Толпа оборванцев с трудом добралась до города Преспа в современной Македонии, где находился Самуил. Итог оказался даже более впечатляющим, чем ожидал Василий. Сам вид этих людей был напоминанием об унижении Самуила, а забота о них стала дополнительной ношей, которую разоренное государство не могло себе позволить. Когда ослепленные предстали перед царем, это зрелище оказалось непереносимым для сломленного Самуила. Он отвернулся к стене и скончался от стыда два дня спустя. Еще четыре года второе Болгарское царство продолжало сопротивление
Первый раз со времен вторжения славян в империю четыре века назад весь Балканский полуостров оказался под византийским владычеством. Василий II потратил на его завоевание больше половины жизни, завершив возрождение Византийской державы, осуществленное удивительной Македонской династией. Империя увеличилась в размерах почти вдвое, став сильнейшей державой в Средиземноморье, и ее новые земли было не так-то просто отнять.
В отличие от своих предшественников, Василий II понимал, что быстро завоеванные земли недолго останутся таковыми, если они не будут должным образом объединены и не будут находиться под соответствующим управлением. Во время царствования предыдущих императоров завоеванные народы прекрасно осознавали, что являются гражданами второго сорта — но теперь болгарской знати доставались византийские жены и имперские титулы, а в регионах, опустошенных войной, налоги были снижены с целью облегчить восстановление экономики. Подобные примеры разумного управления, безусловно, ослабили напряжение и укрепили связи с Константинополем, но решающим фактором в поддержании мира стал отказ императора идти на необоснованный риск. Когда халиф Фатимидов в 1012 году приказал уничтожить все церкви на своей территории, Василий не попался на эту приманку, хотя он определенно мог распространить власть империи на Палестину и даже Египет. Вместо этого он ответил экономическим ударом, запретив всю торговлю с Фатимидами до тех пор, пока те не увидят ошибочность избранного пути.
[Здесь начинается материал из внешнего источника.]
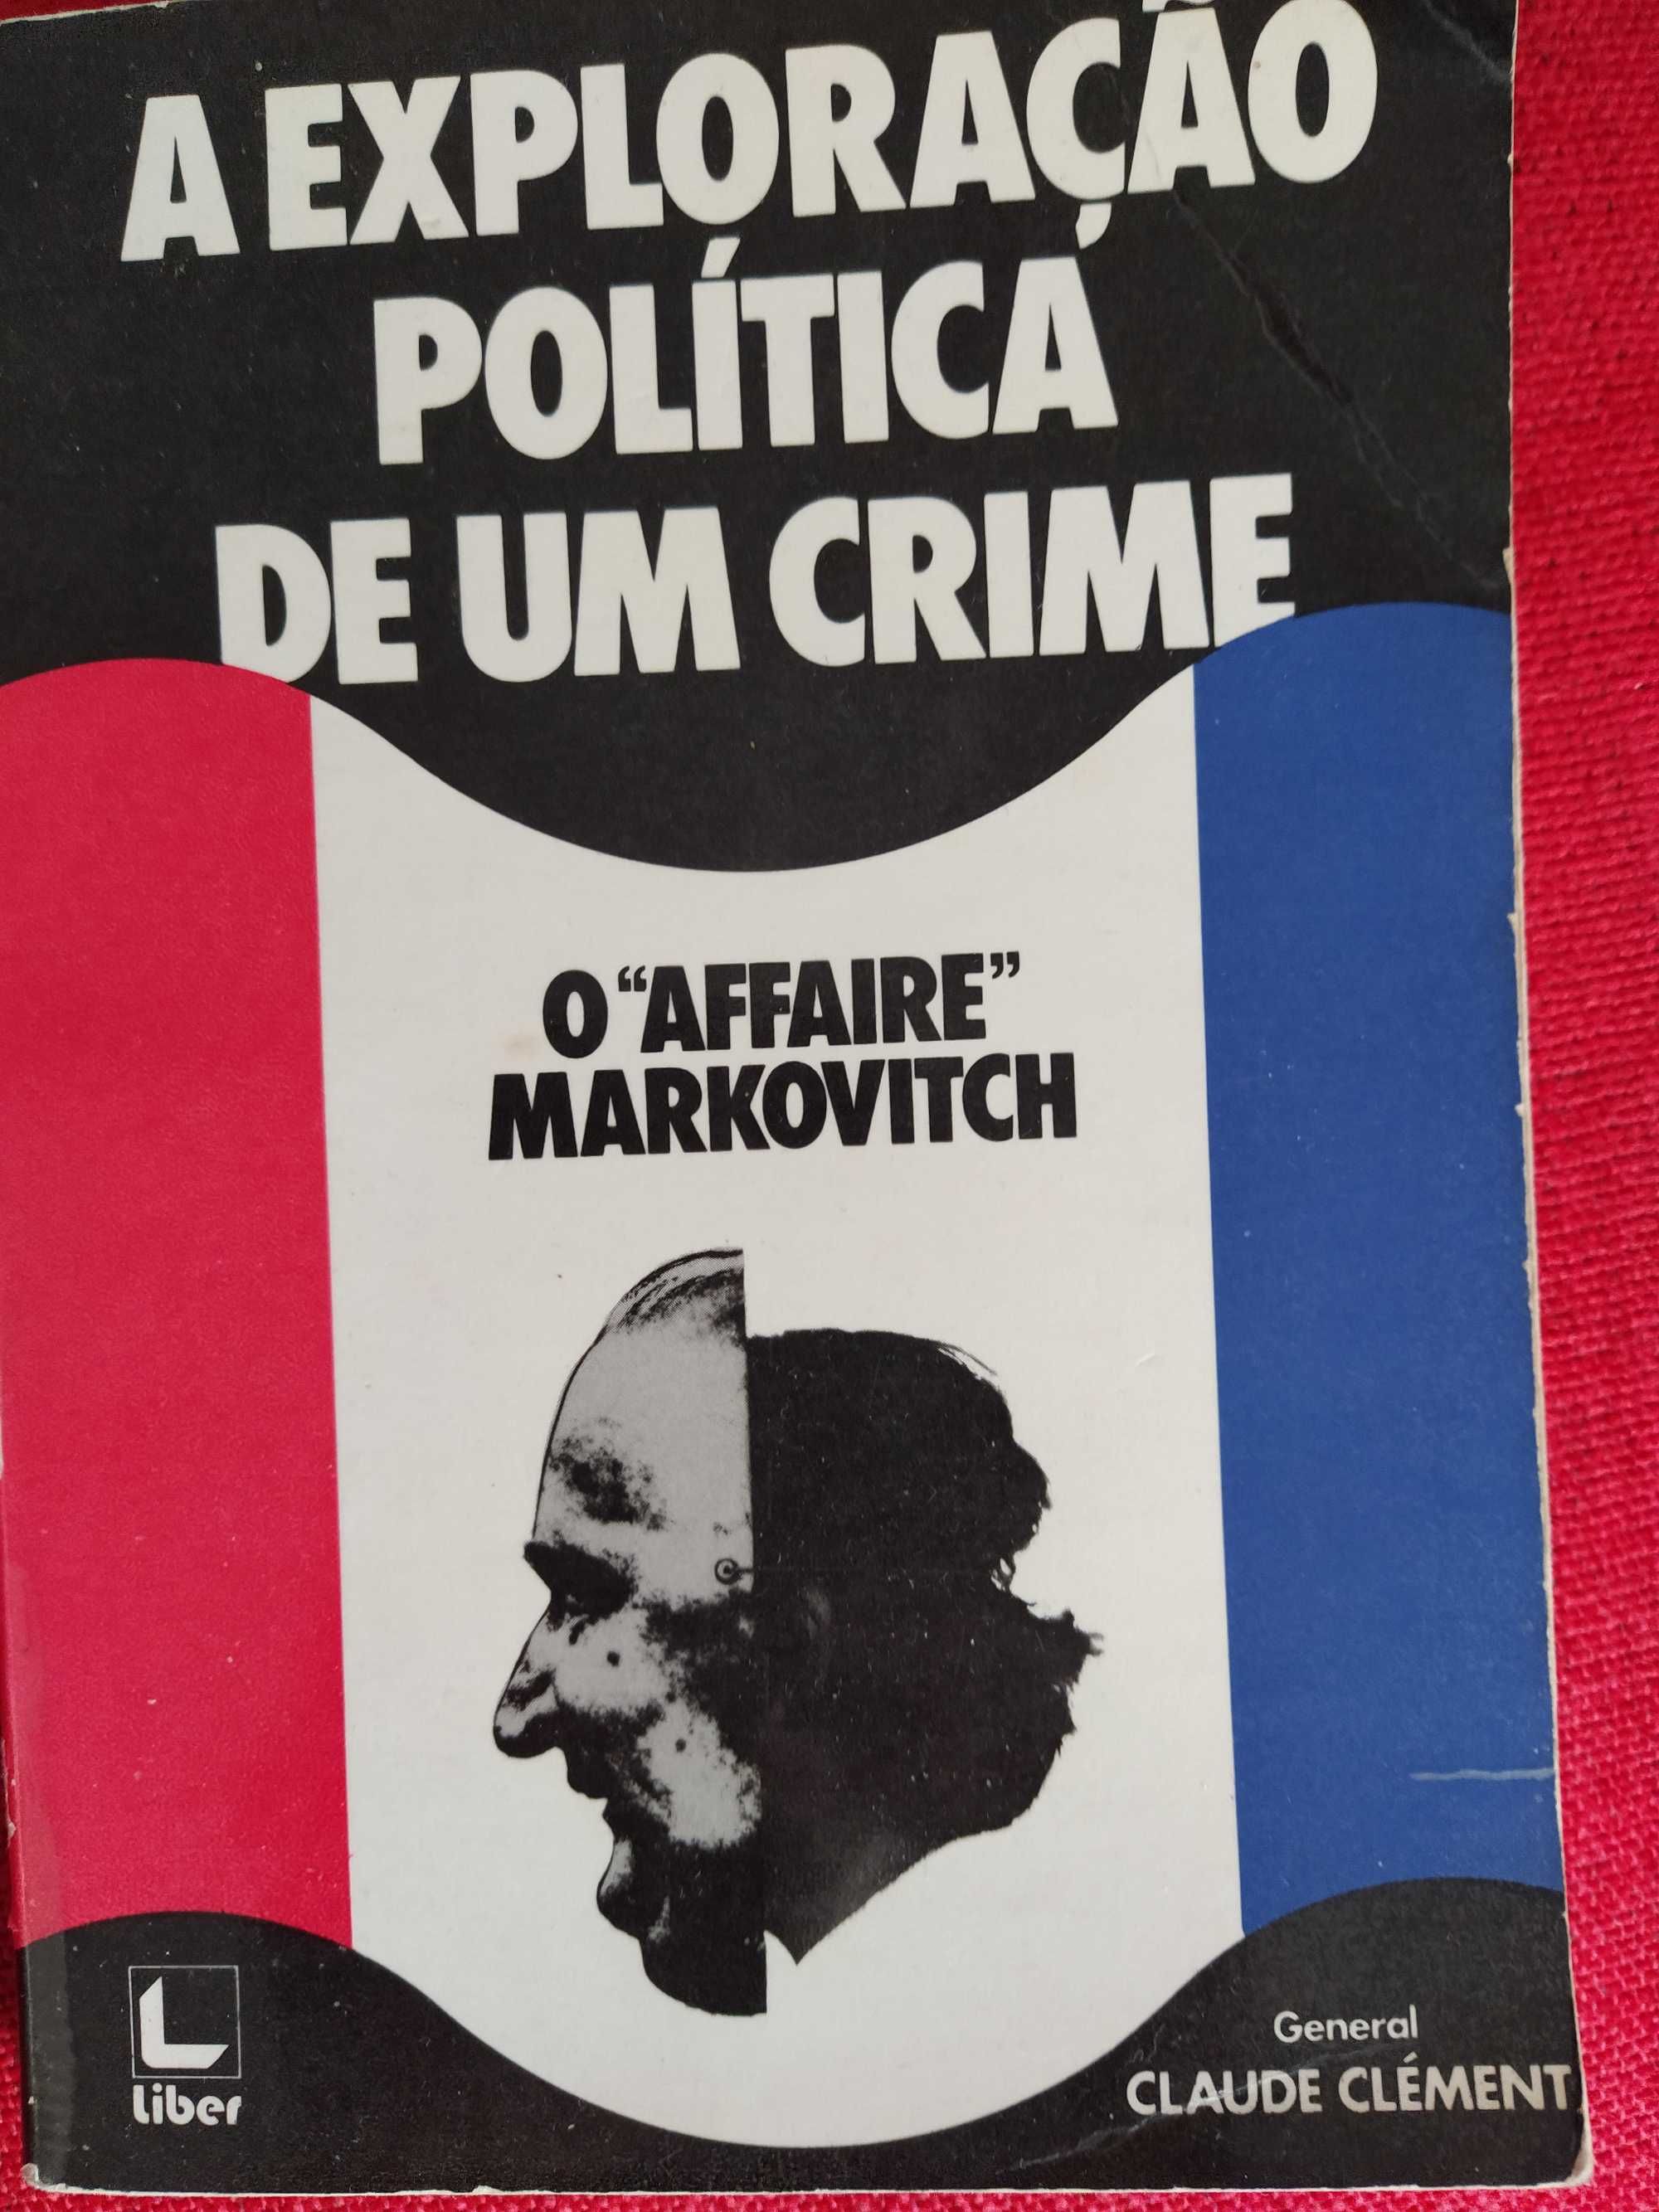 O Affaire Markovitch - Exploração Política de um Crime
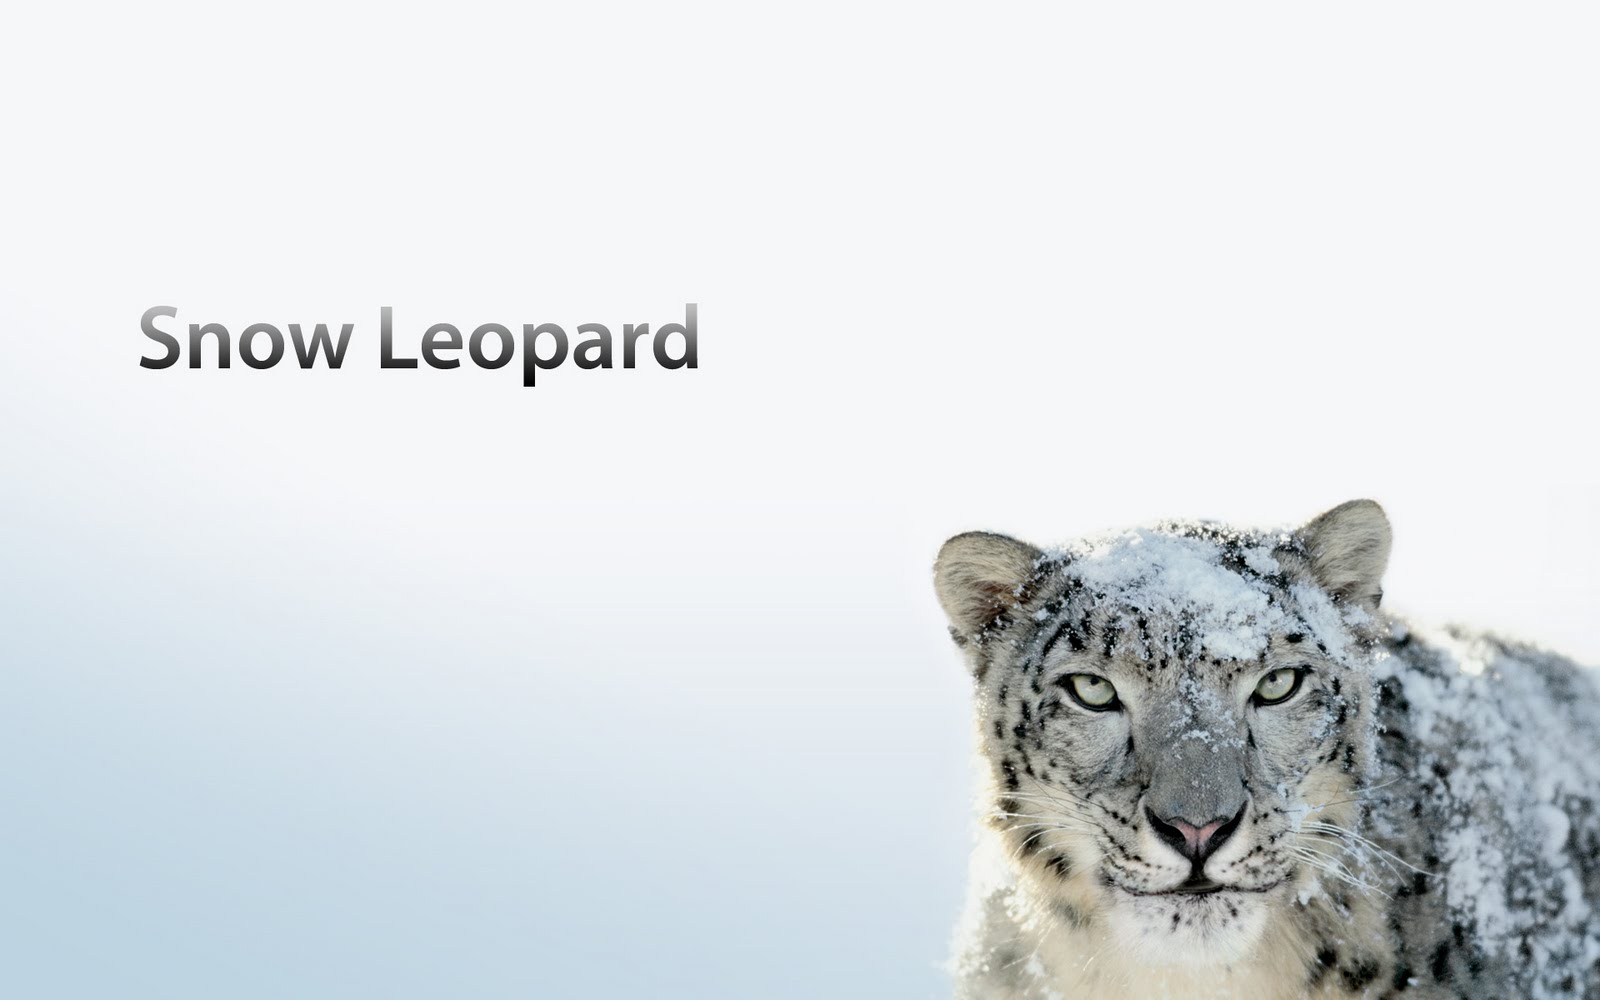 Mac Os X Snow Leopard Widescreen High Definition Wallpaper

Только когда они вступили в союз с Арменией, чтобы атаковать империю, он предпринял неожиданную атаку, разграбил несколько городов и поверг в ужас халифа. Когда дело доходило до войны, Василий всегда был готов сражаться — хотя и не жаждал битв.
Только в одном великий император потерпел гибельное поражение: полностью поглощенный заботами о государстве, он так и не произвел наследника. Но пагубные последствия этого станут ясны для империи уже не при его жизни.
К 1025 году под твердым руководством всесильного императора византийский орел побеждал практически по всем фронтам. Враги рассеялись перед ним или были разбиты, и только на Сицилии мусульманский правитель продолжал сопротивление. Надеясь ликвидировать эту последнюю занозу, семидесятилетний император собрал огромную армию и, поручив ее заботам евнуха, отправил ожидать его прибытия в Калабрии. Но Василий II так и не прибыл. Проведя на троне шестьдесят четыре года — больше, чем любой другой монарх в римской истории, — он умер, занимаясь планированием военной кампании, что само по себе достаточно символично.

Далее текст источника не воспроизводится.